Ground Turkey Sweet Potato Skillet
Ingredients:
• 2 tbsp extra-virgin olive oil
• 1 lb extra-lean ground turkey
• 1 tsp clove garlic, minced
• ½ cup onions, diced
• ½ cup yellow pepper, diced
• 1 ½ cup sweet potato, diced
• Salt and pepper
• A pinch of chili pepper
• ½ cup shredded mozzarella cheese
• Fresh parsley for garnishing
Instructions:
1. In a skillet, heat olive oil over medium high heat.
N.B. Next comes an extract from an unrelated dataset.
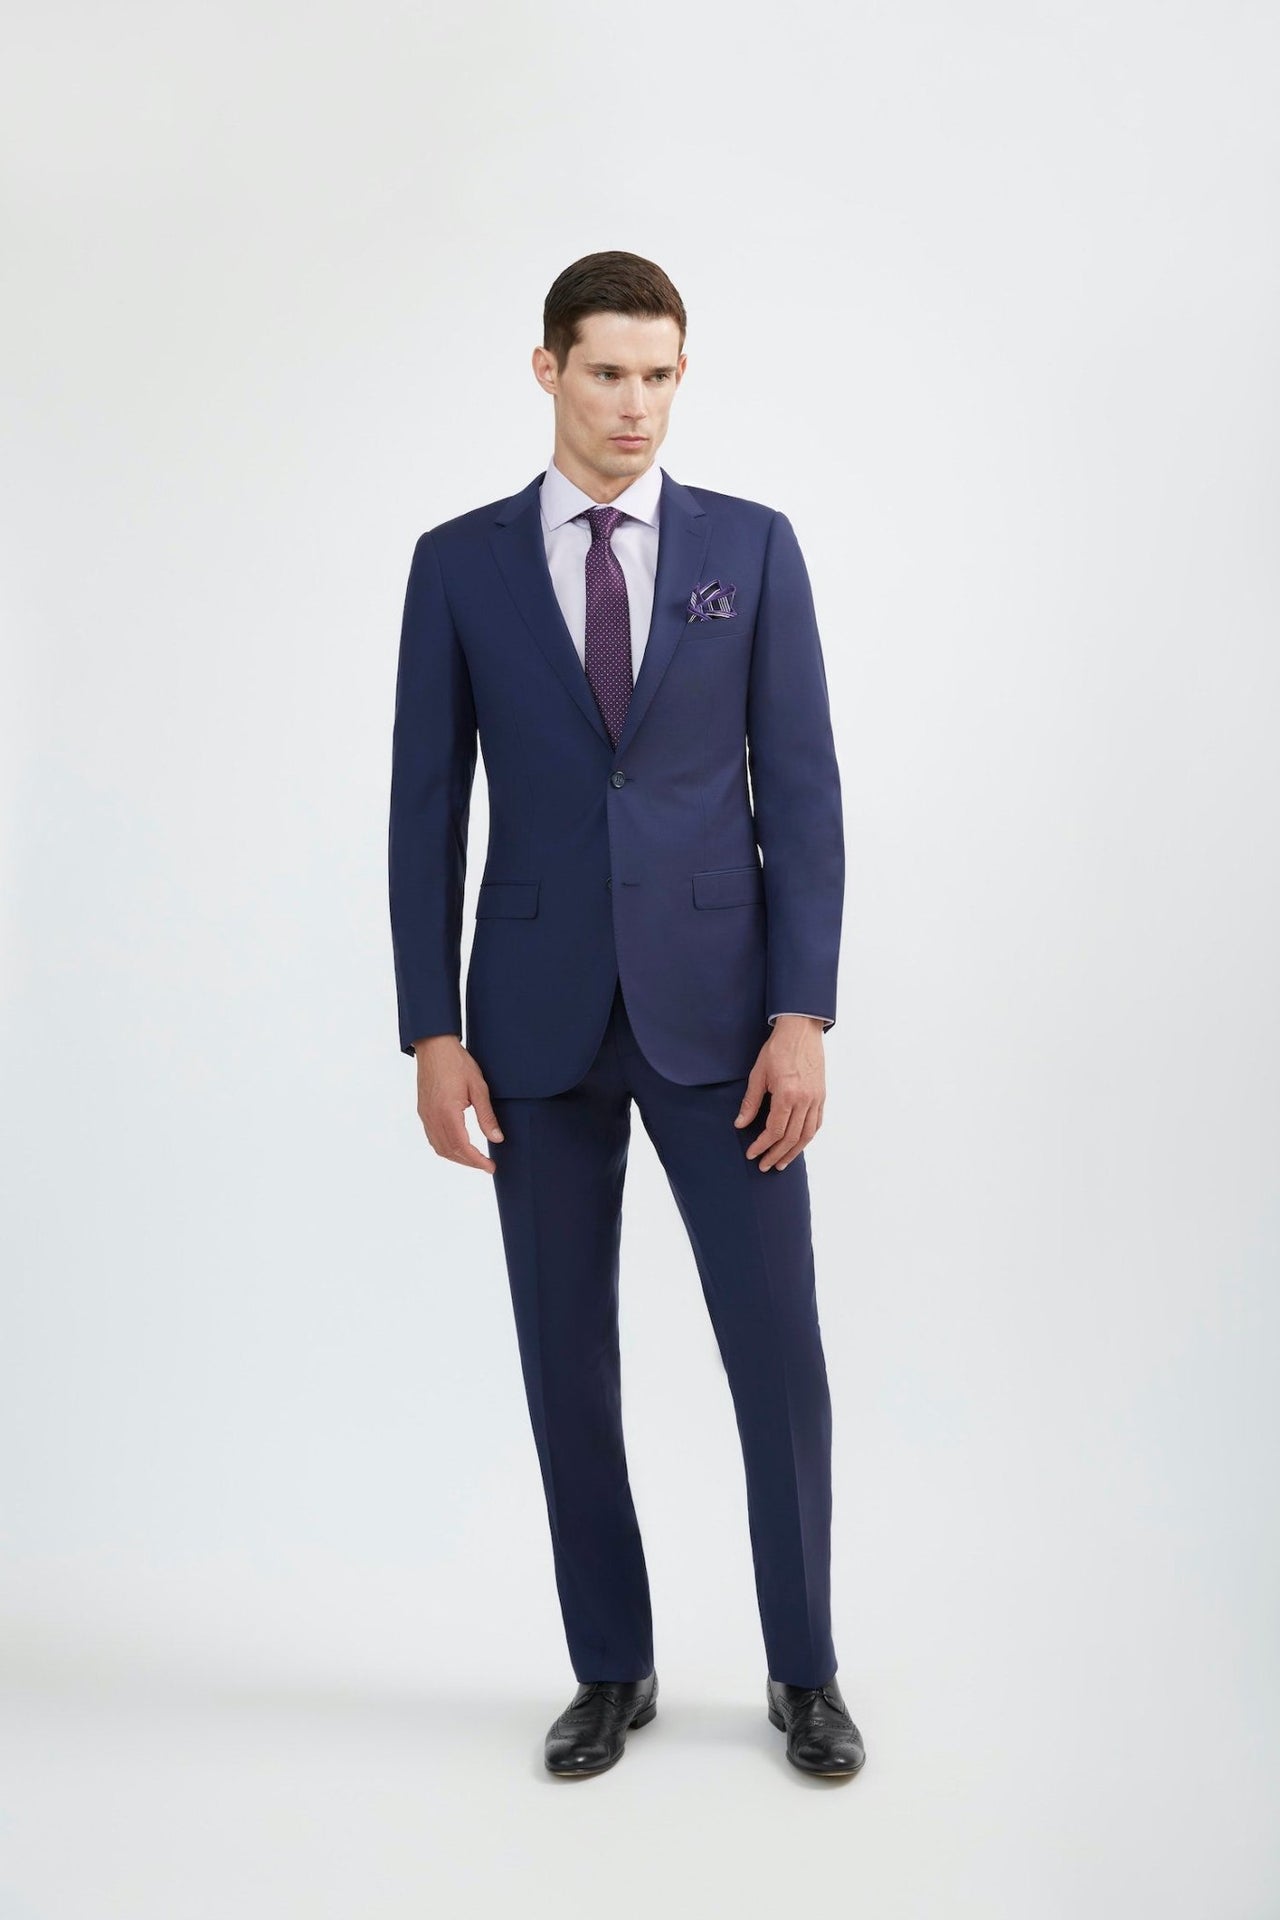 Buy suitsmith 2 Piece Tuxedo Suit, Premium Italian Fit Slim Fit Casual  Festival wear Tuxedo Suit for Men, Blue & Maroon at Amazon.in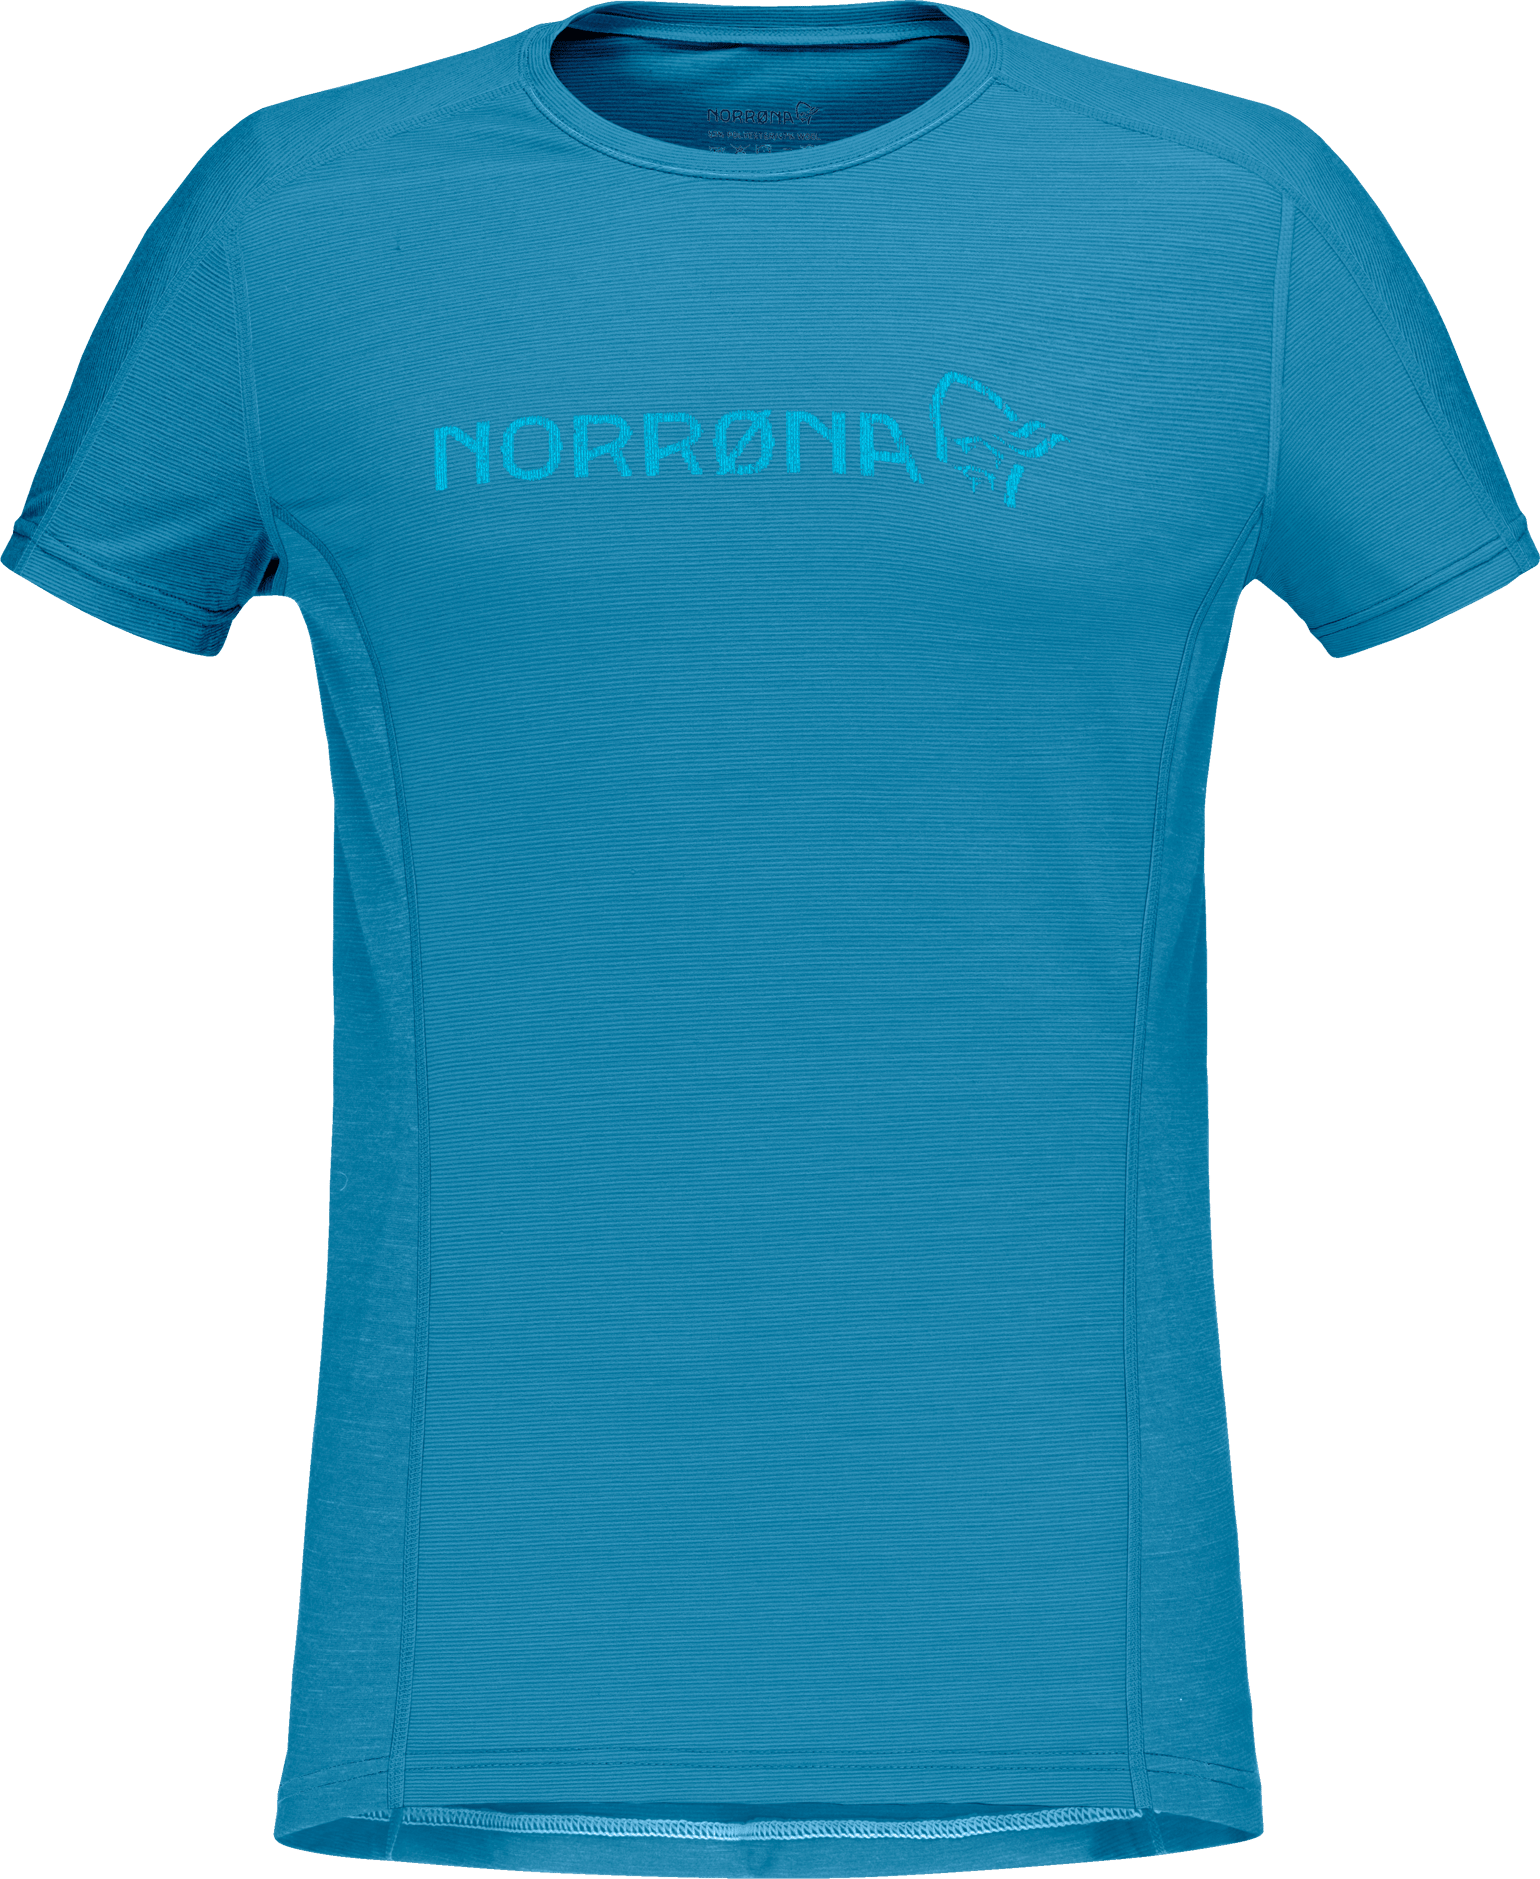 Norrøna Women's Falketind Equaliser Merino T-Shirt Hawaiian Surf

2. Add ground turkey and garlic. Stir occasionally and cook for about 10 minutes.
3. Add onions and yellow peppers and cook until onions are gold brown.
4. Add the sweet potato, chili pepper, salt and pepper.
5. Cover the skillet and cook until they are tender. Don’t forget to stir occasionally. If necessary, add more olive oil or a little bit of water to cook the sweet potato.
6. While the sweet potato is cooking pre-heat the oven to 400 degrees.
7. When the sweet potato is tender, add shredded mozzarella cheese and bring the skillet to the oven to melt the cheese.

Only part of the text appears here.